### BRIEF
You are asked to copy the entire listing exactly, apart from its pictures.

### DATA SHOWN
════════════════════
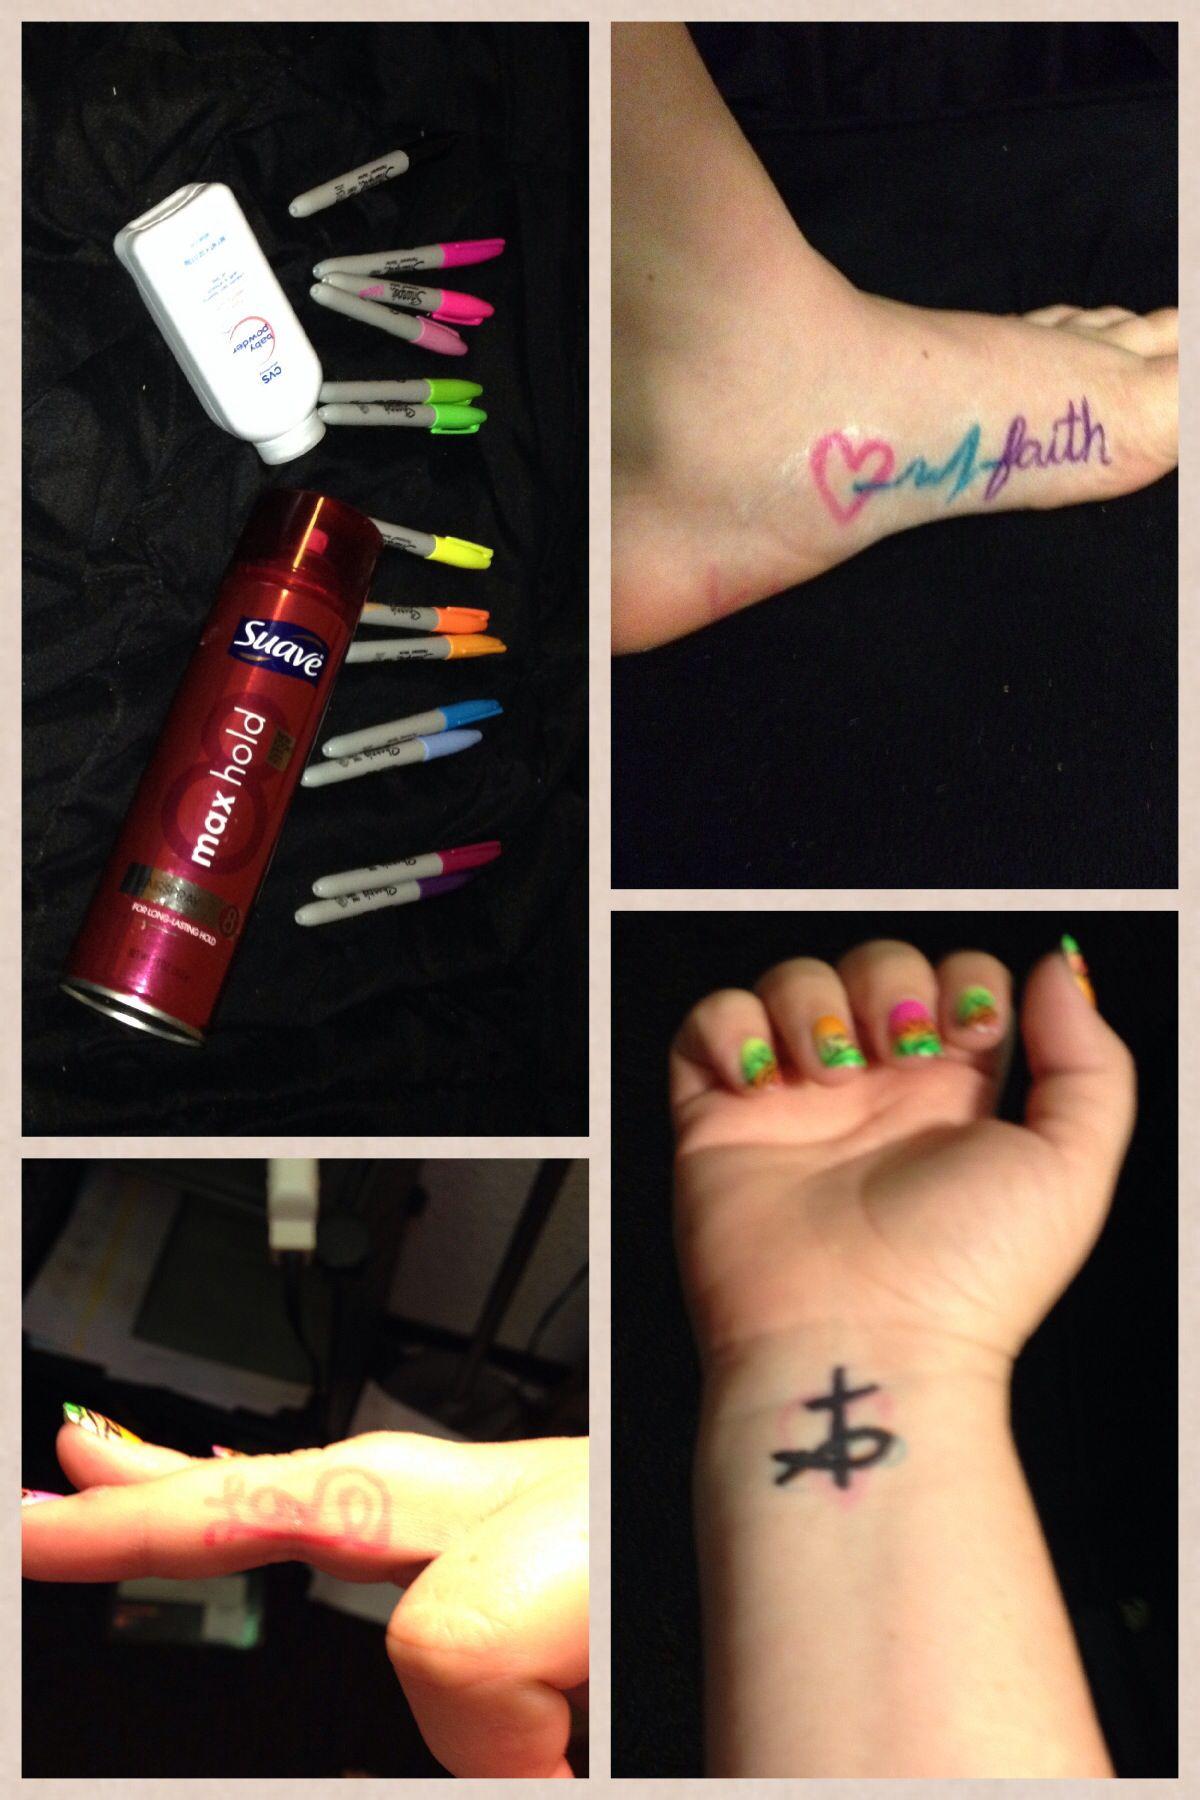 How to Make a Fake Tattoo With a Sharpie | eHow
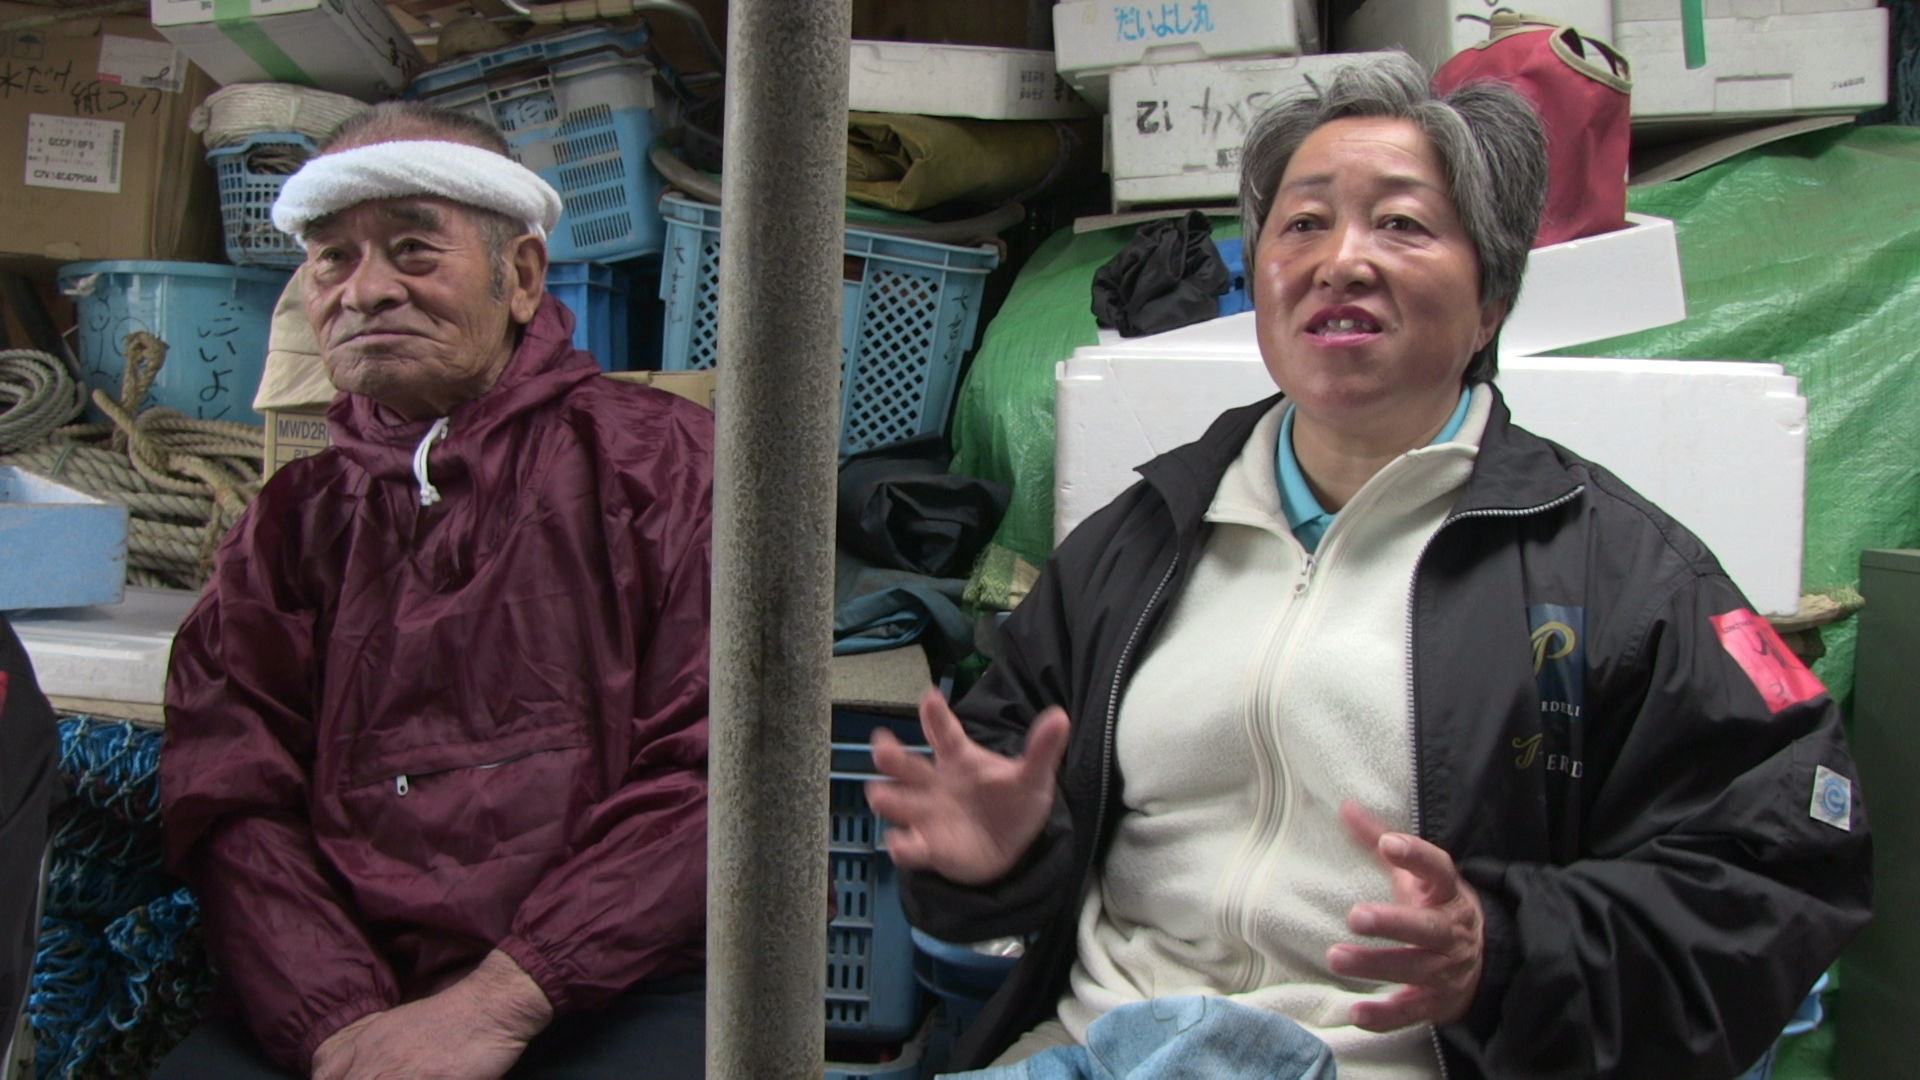 arahama kato and daughter interview.JPG
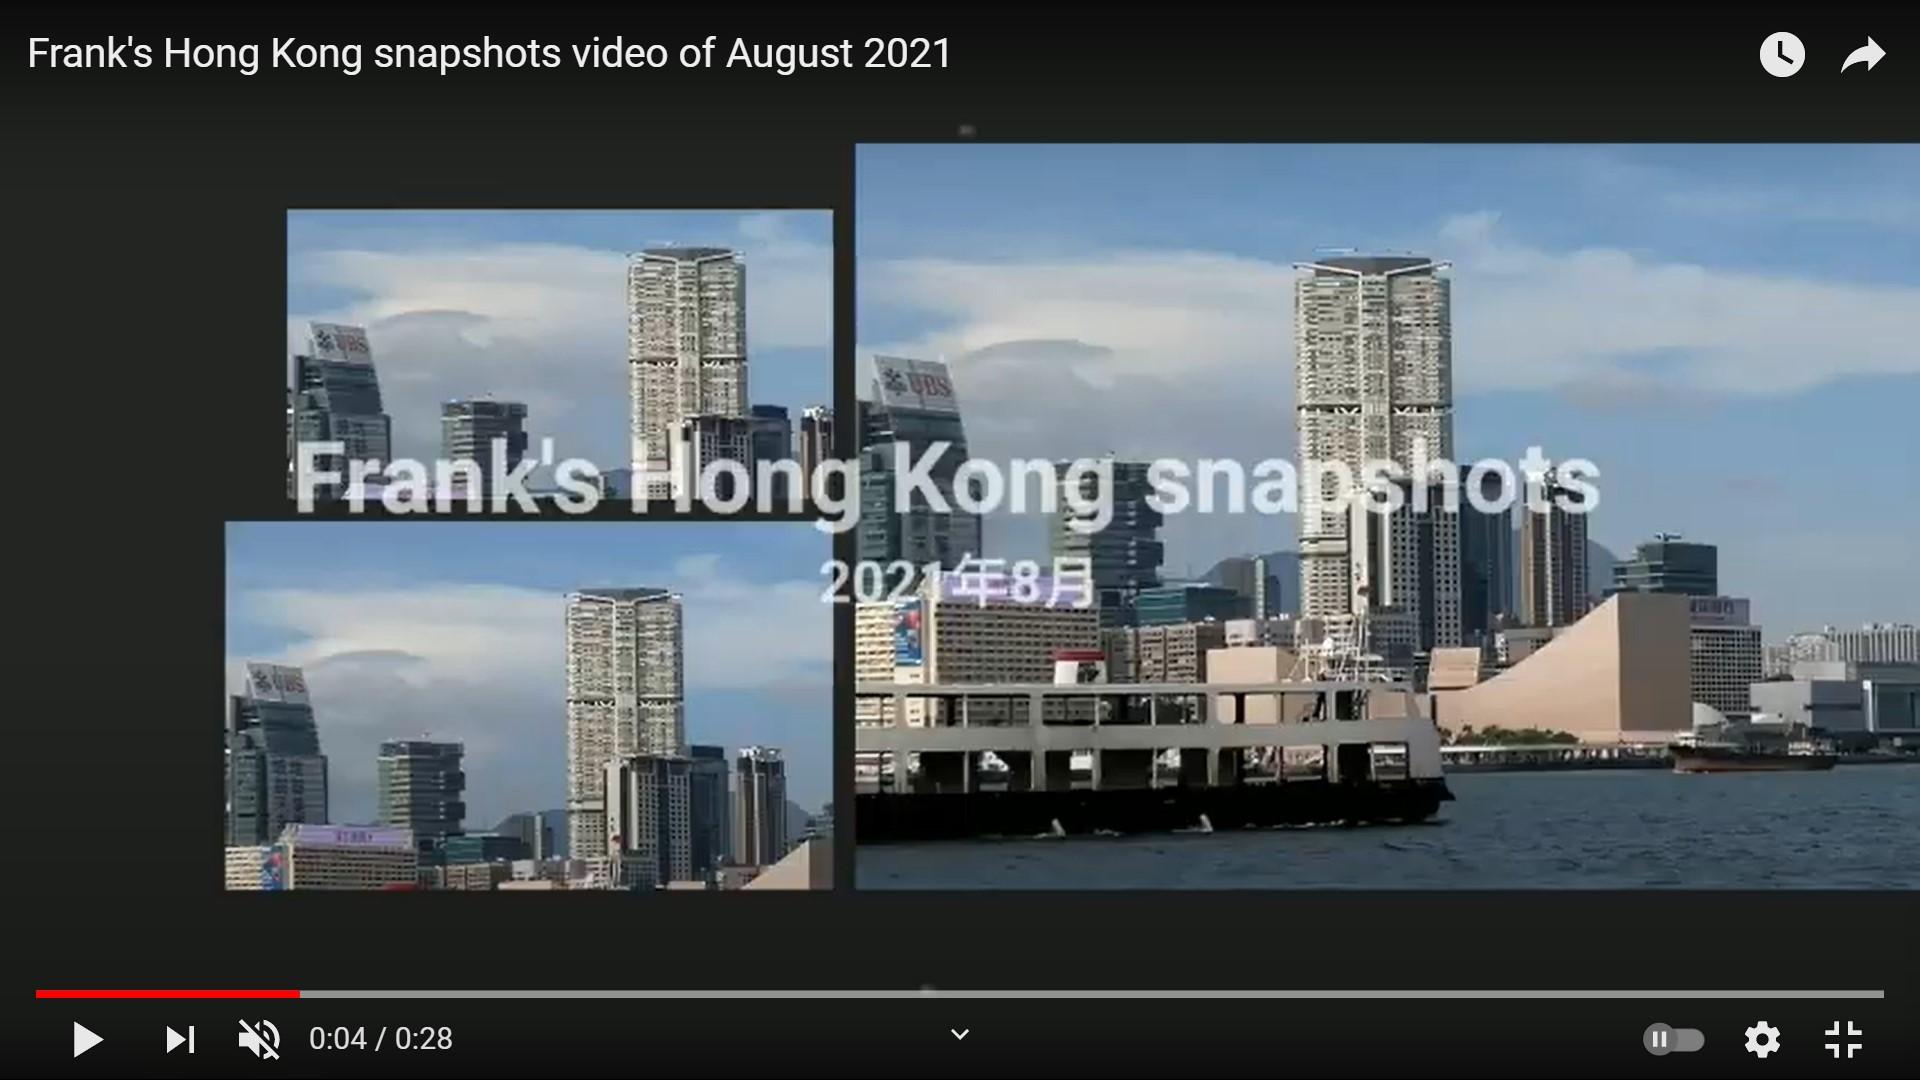 Frank's Hong Kong snapshots video of August 2021
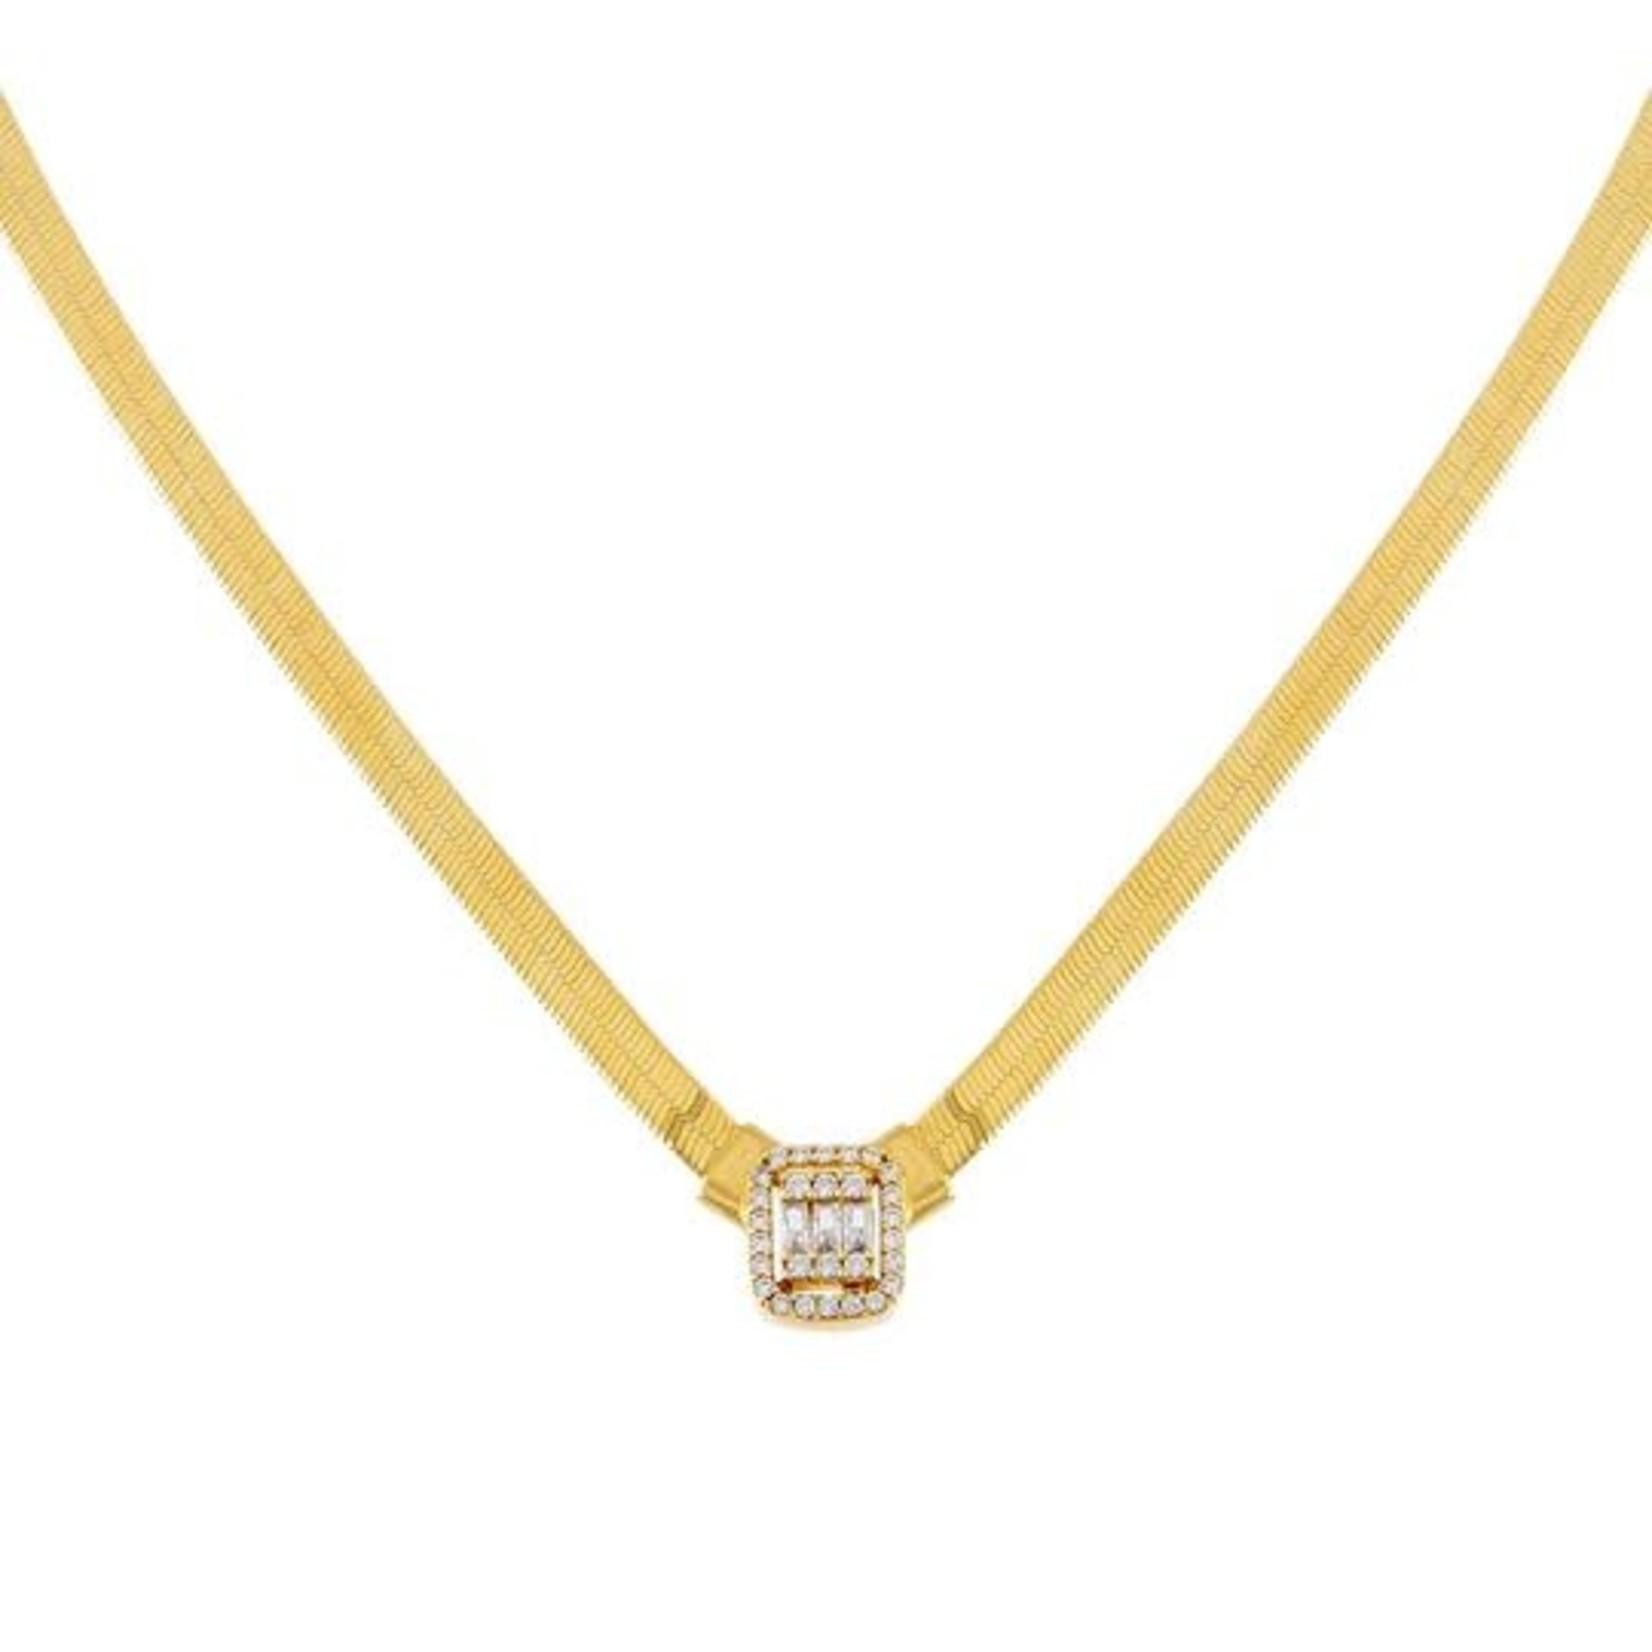 Adinas CZ Illusion Baguette Herringbone Necklace 14K
════════════════════
### ANSWER SECTION
 How to Make a Fake Tattoo With a Sharpie | eHow
 arahama kato and daughter interview.JPG
 Frank's Hong Kong snapshots video of August 2021
 Adinas CZ Illusion Baguette Herringbone Necklace 14K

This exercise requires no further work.